Dia ingin melihat Kain Kafan Dalang, tapi tidak ada waktu lagi. Mantra itu telah selesai dengan penilaiannya.
Di sini, di dalam kehampaan, suaranya tidak lagi terdengar halus dan familiar. Sebaliknya, sepertinya alam semesta itu sendiri yang berbicara. Sunny menahan napas, mendengarkan.
[Calon! Ujianmu sudah selesai.]
[Seorang budak tanpa nama mendaki Gunung Hitam. Para pahlawan dan monster jatuh di tangannya. Tanpa henti, dia memasuki kuil dewa yang sudah lama terlupakan dan menumpahkan darahnya di altar suci.
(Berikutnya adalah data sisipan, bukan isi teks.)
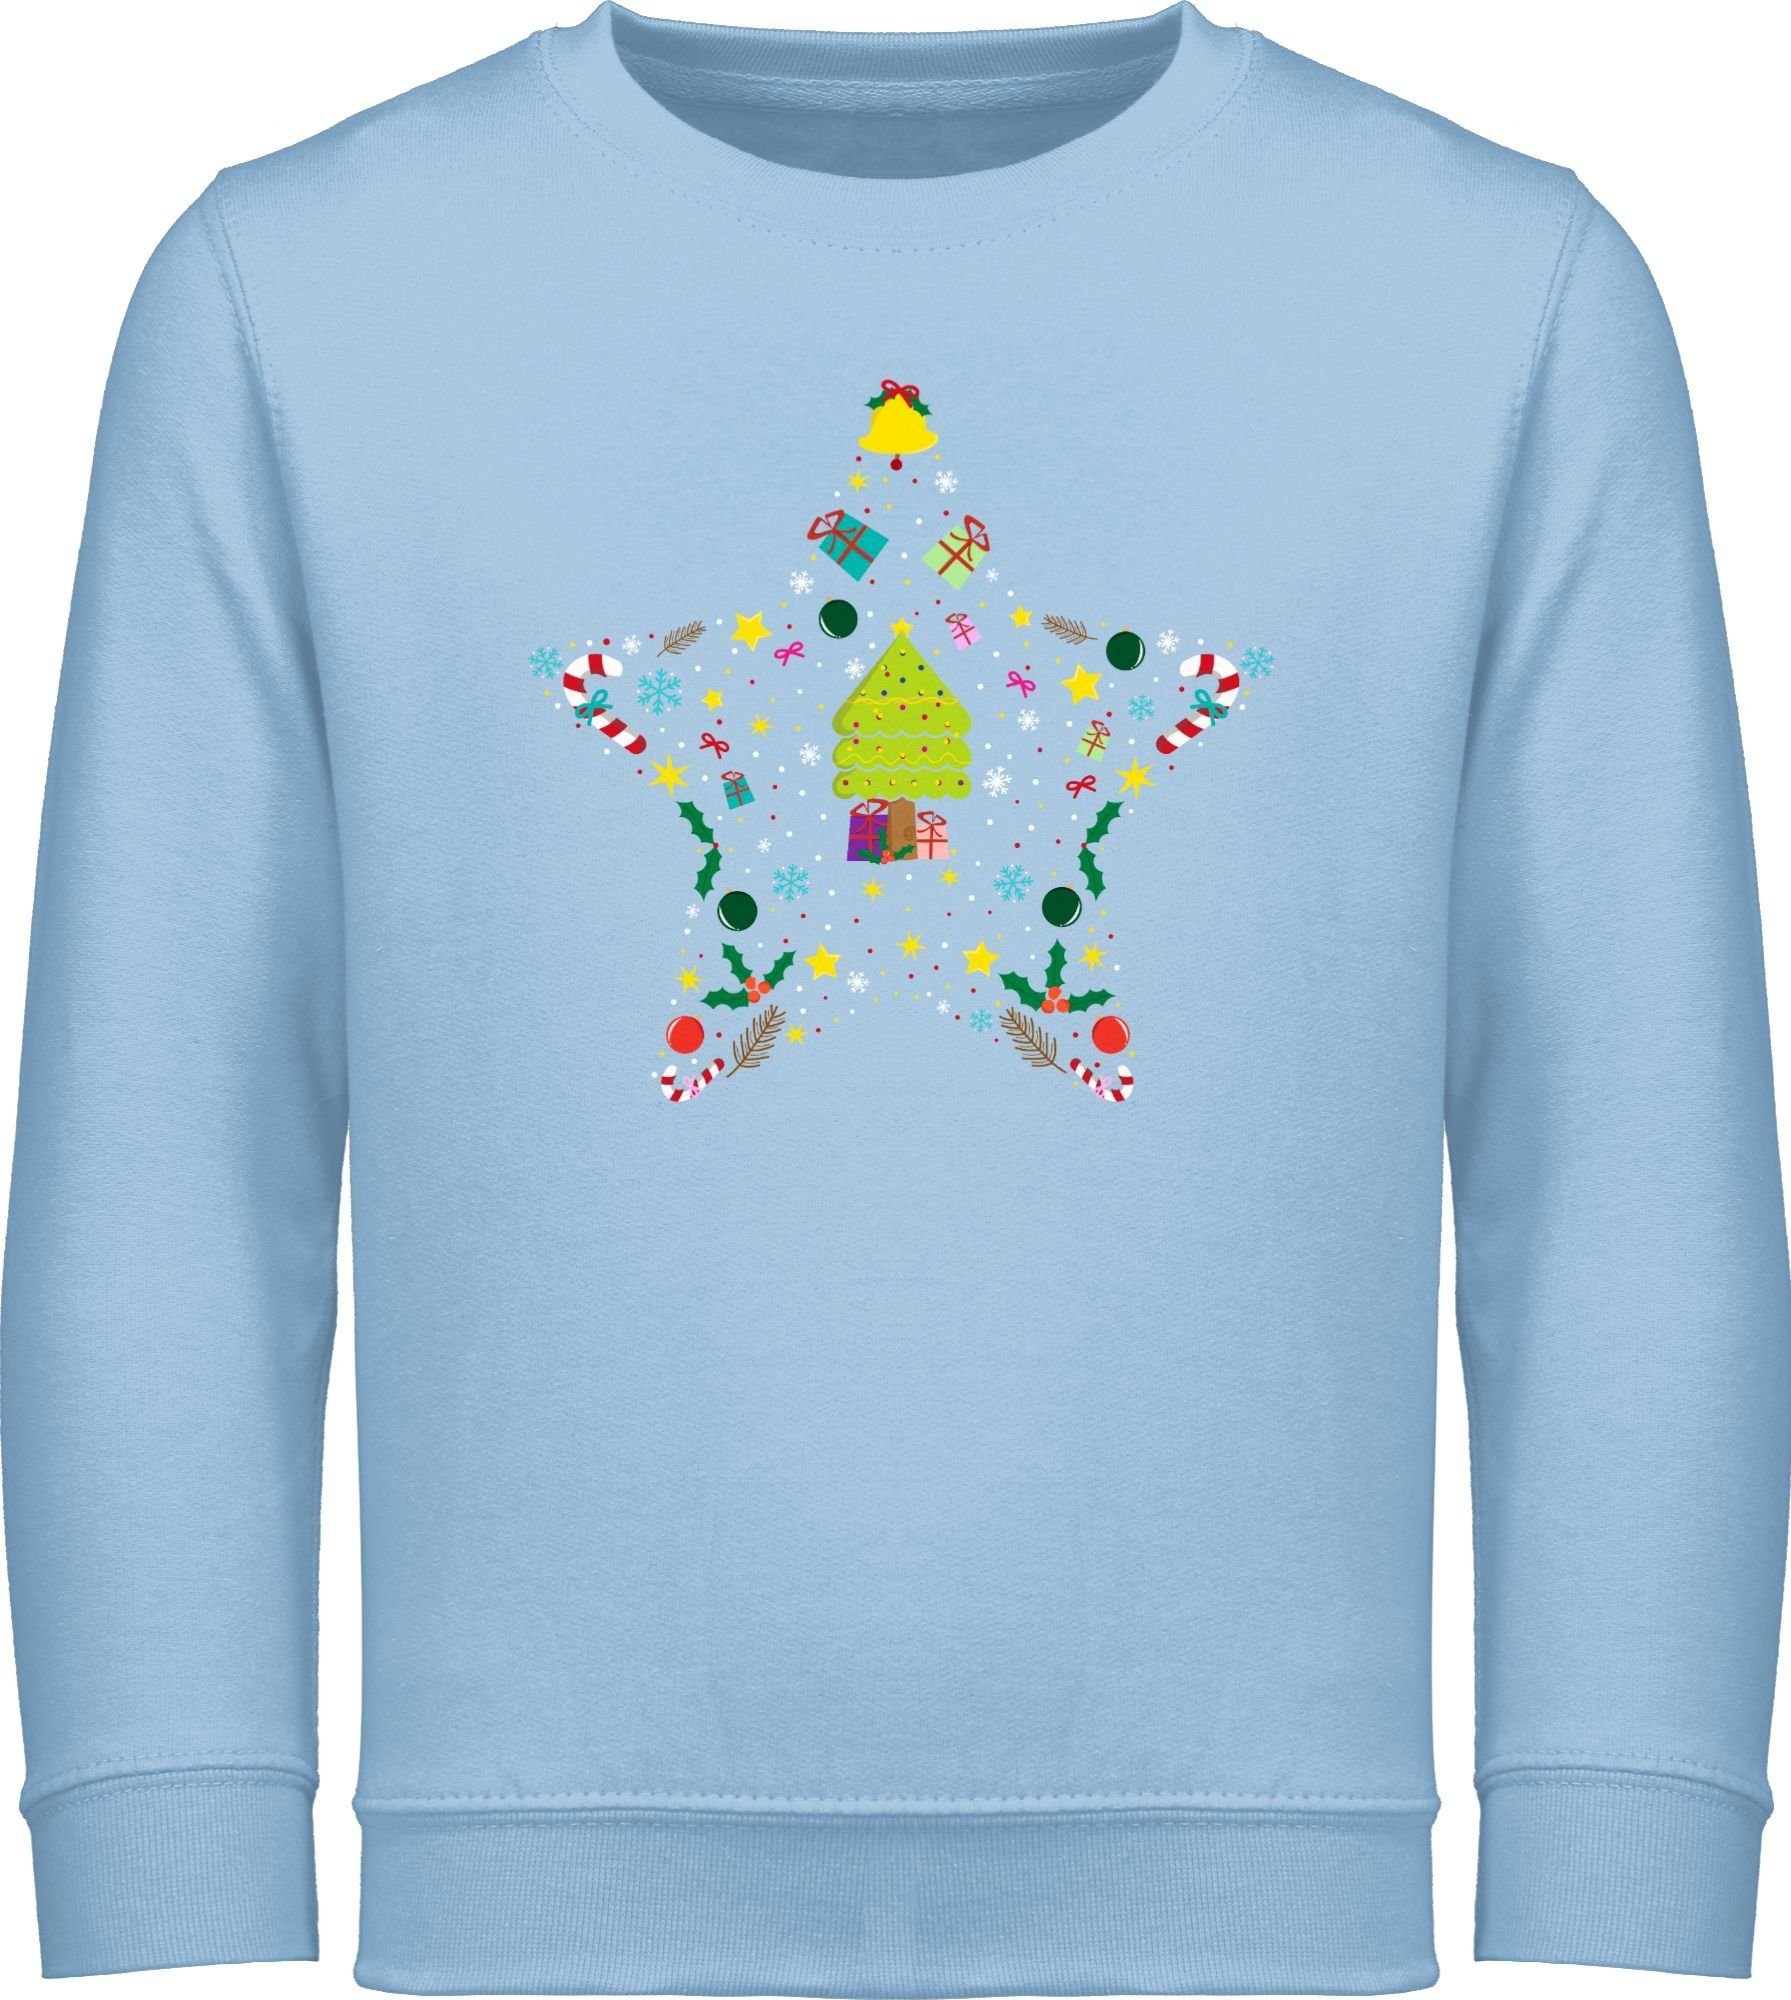 Kleidung Kinder Weihnachtsstern Sweatshirt Weihnachten Shirtracer 3 Hellblau

Para dewa telah mati, namun mereka mendengarkan].
[Kamu telah mengalahkan binatang yang tidak aktif: Larva Raja Gunung.]
[Kau telah mengalahkan tiga manusia yang tidak aktif, namanya tidak diketahui.]
[Kau telah mengalahkan manusia yang terbangun: Auro dari Sembilan.]
[Kau telah mengalahkan tiran yang terbangun: Raja Gunung.]
[Kau telah menerima berkah Dewa Bayangan.]
[Kau telah mencapai hal yang mustahil!]
[Penilaian akhir: mulia. Pengkhianatanmu benar-benar tidak mengenal batas.]
Bagian terakhir itu sebenarnya tidak terlalu penting, sejauh yang Sunny pikirkan, tapi dia masih cukup puas dengan pujian dari Mantra. Dia merasa kesempatannya untuk mengembangkan Aspect-nya menjadi Awakened, atau bahkan Ascended cukup tinggi.
Kekuatannya secara keseluruhan masih bergantung pada peringkat inti jiwanya, yang akan tetap tidak aktif sampai nanti, tapi peringkat Aspek itu sendiri akan melakukan keajaiban untuk keseluruhan potensinya.
[Pemimpi Tanpa Matahari, terimalah anugerahmu!]
Dia bukan lagi seorang Aspiran. Sunny menyeringai.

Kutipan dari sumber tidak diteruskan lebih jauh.